Goal of the exercise. Where a picture appears, leave it out, and transcribe all the lines below exactly.

Collected data.
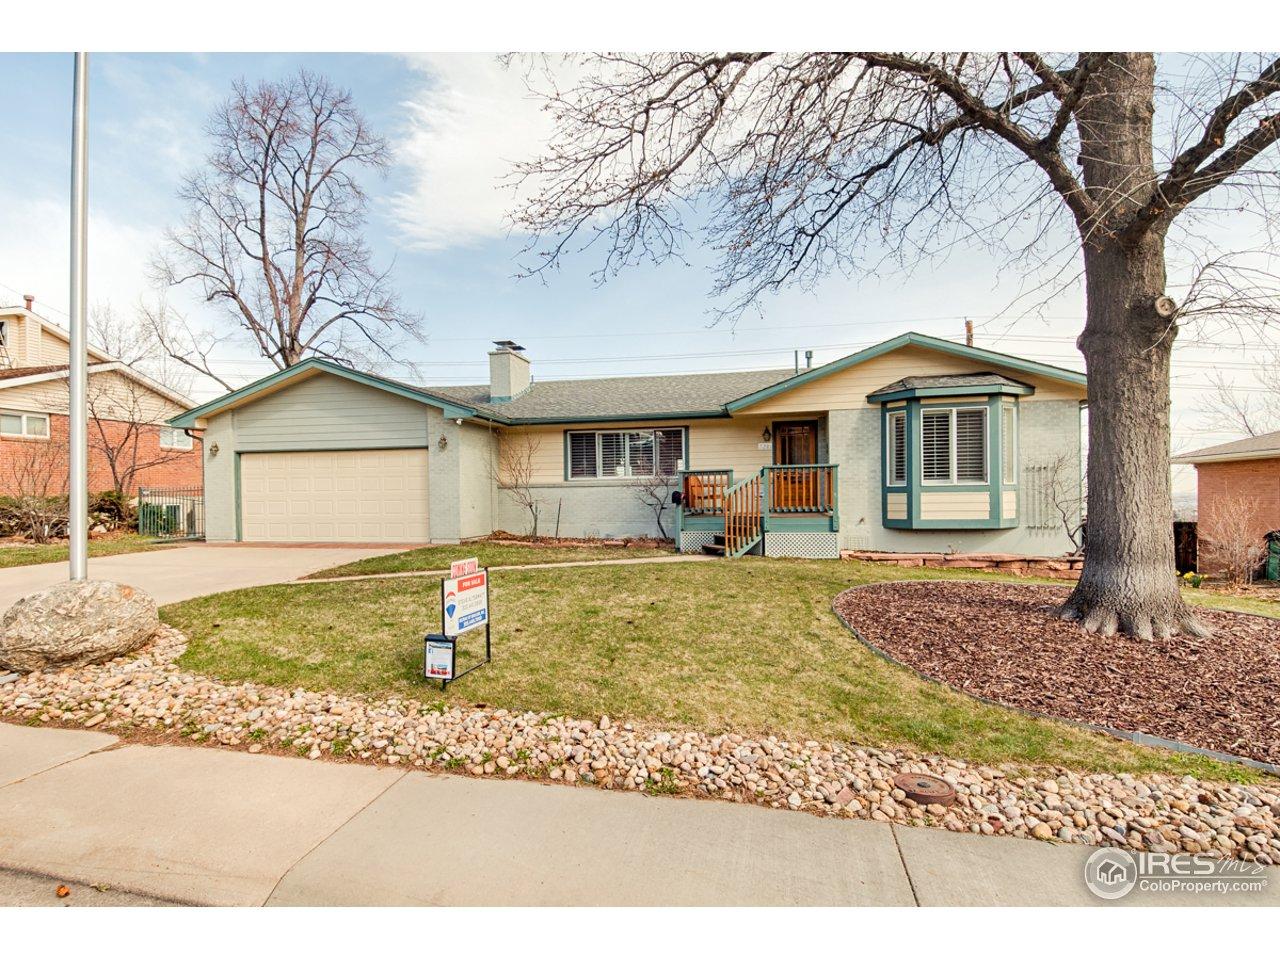 2295 Dartmouth Ave, Boulder CO 80305
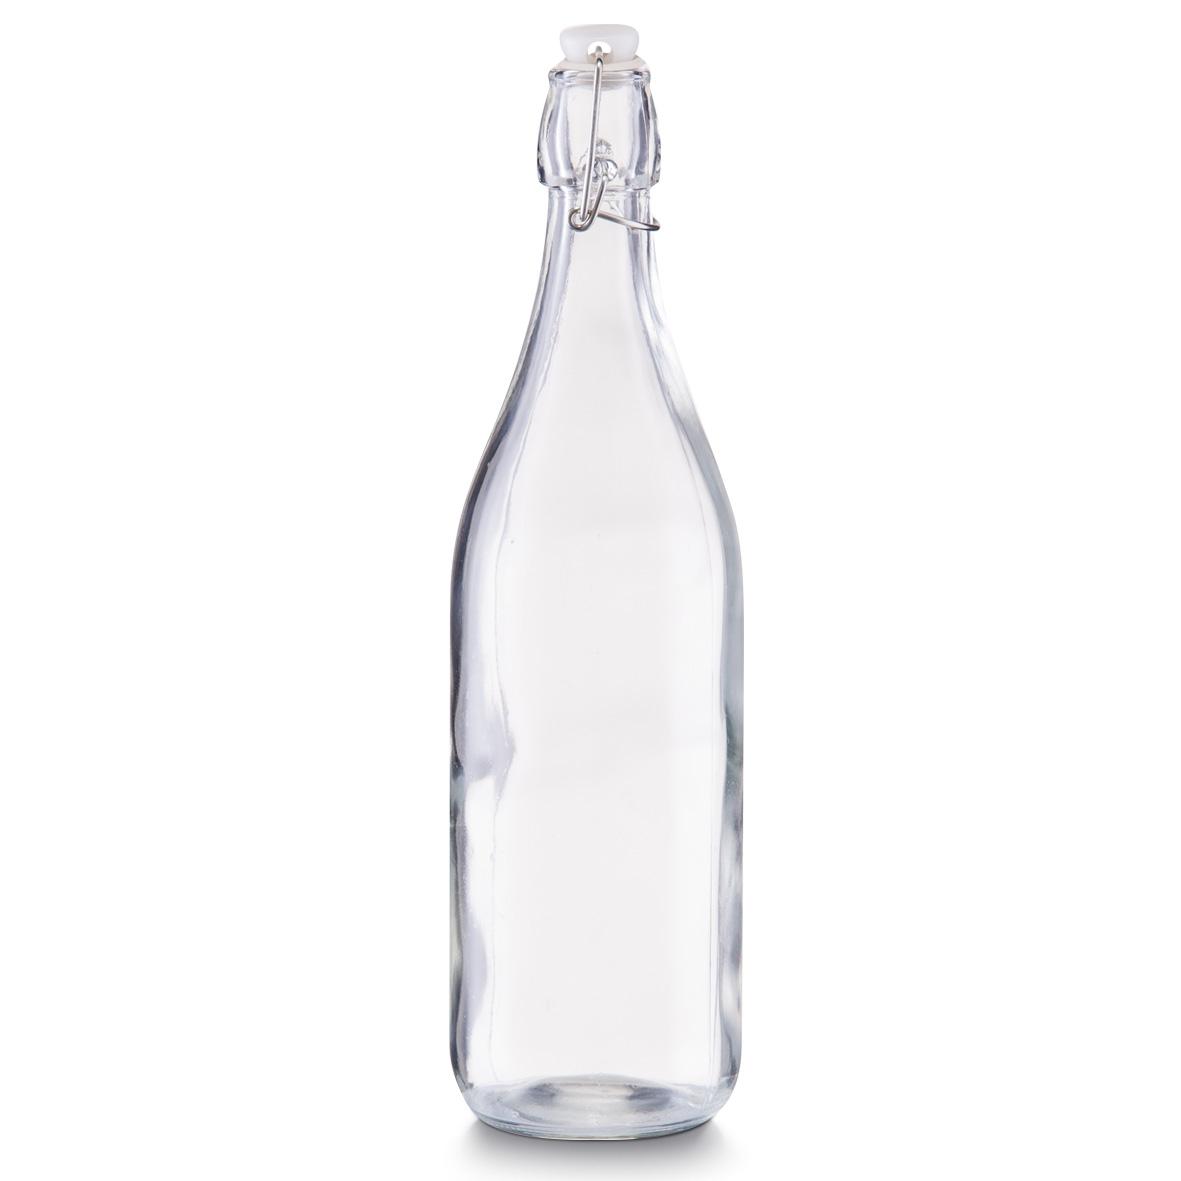 Sticla cu inchidere ermetica Regular, 1000 ml, Ø 8,5xH32 cm imagine
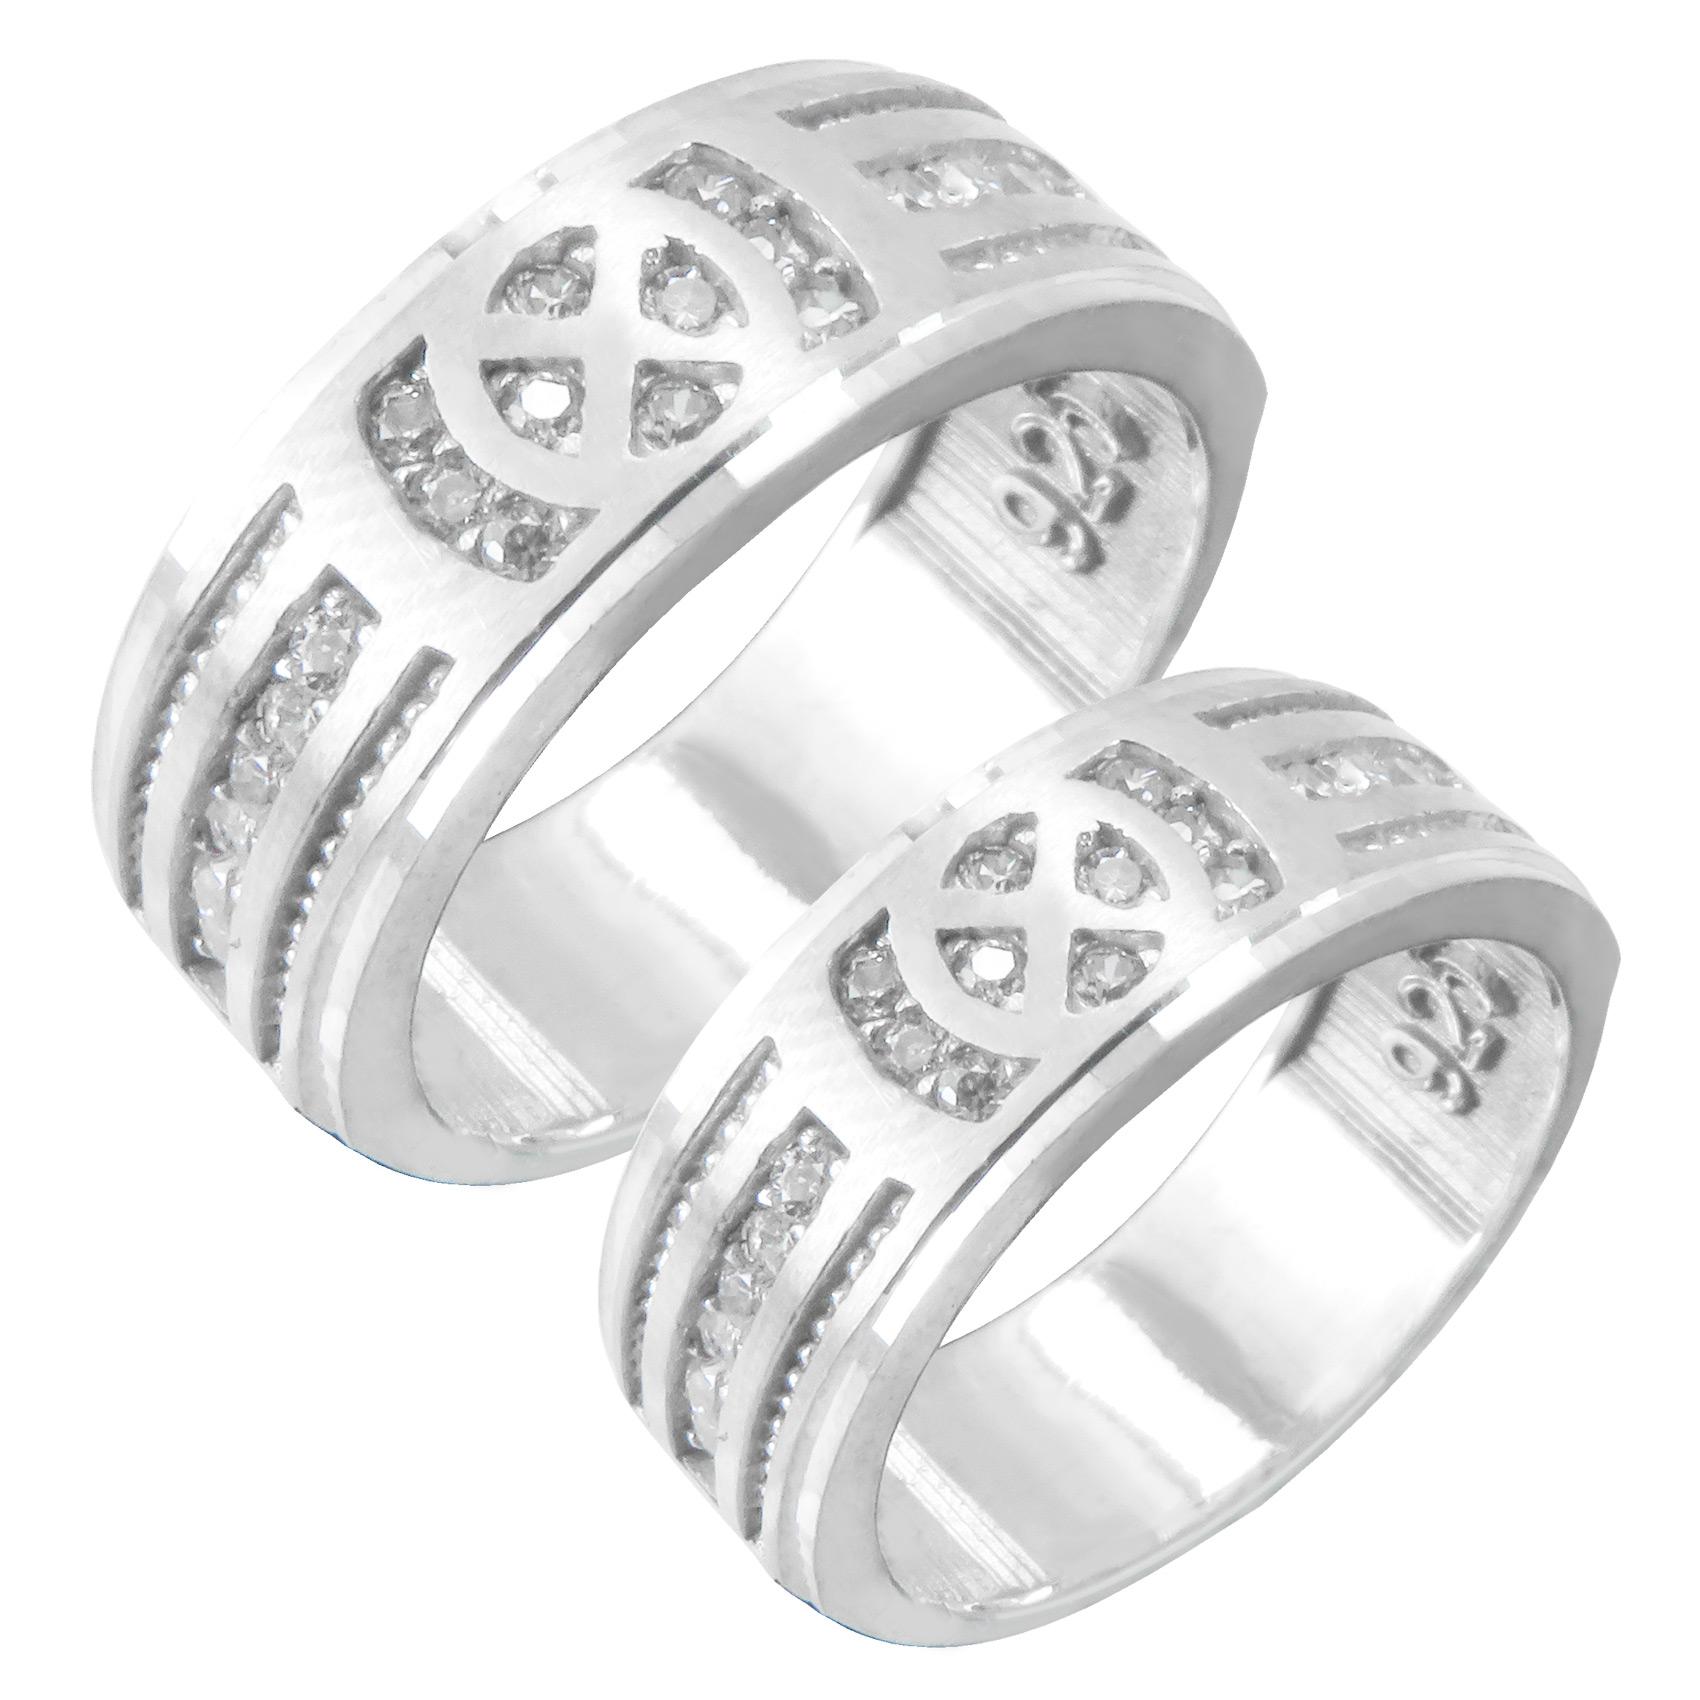 ست انگشتر نقره زنانه و مردانه کد AV153

Written reply.
 2295 Dartmouth Ave, Boulder CO 80305
 Sticla cu inchidere ermetica Regular, 1000 ml, Ø 8,5xH32 cm imagine
 ست انگشتر نقره زنانه و مردانه کد AV153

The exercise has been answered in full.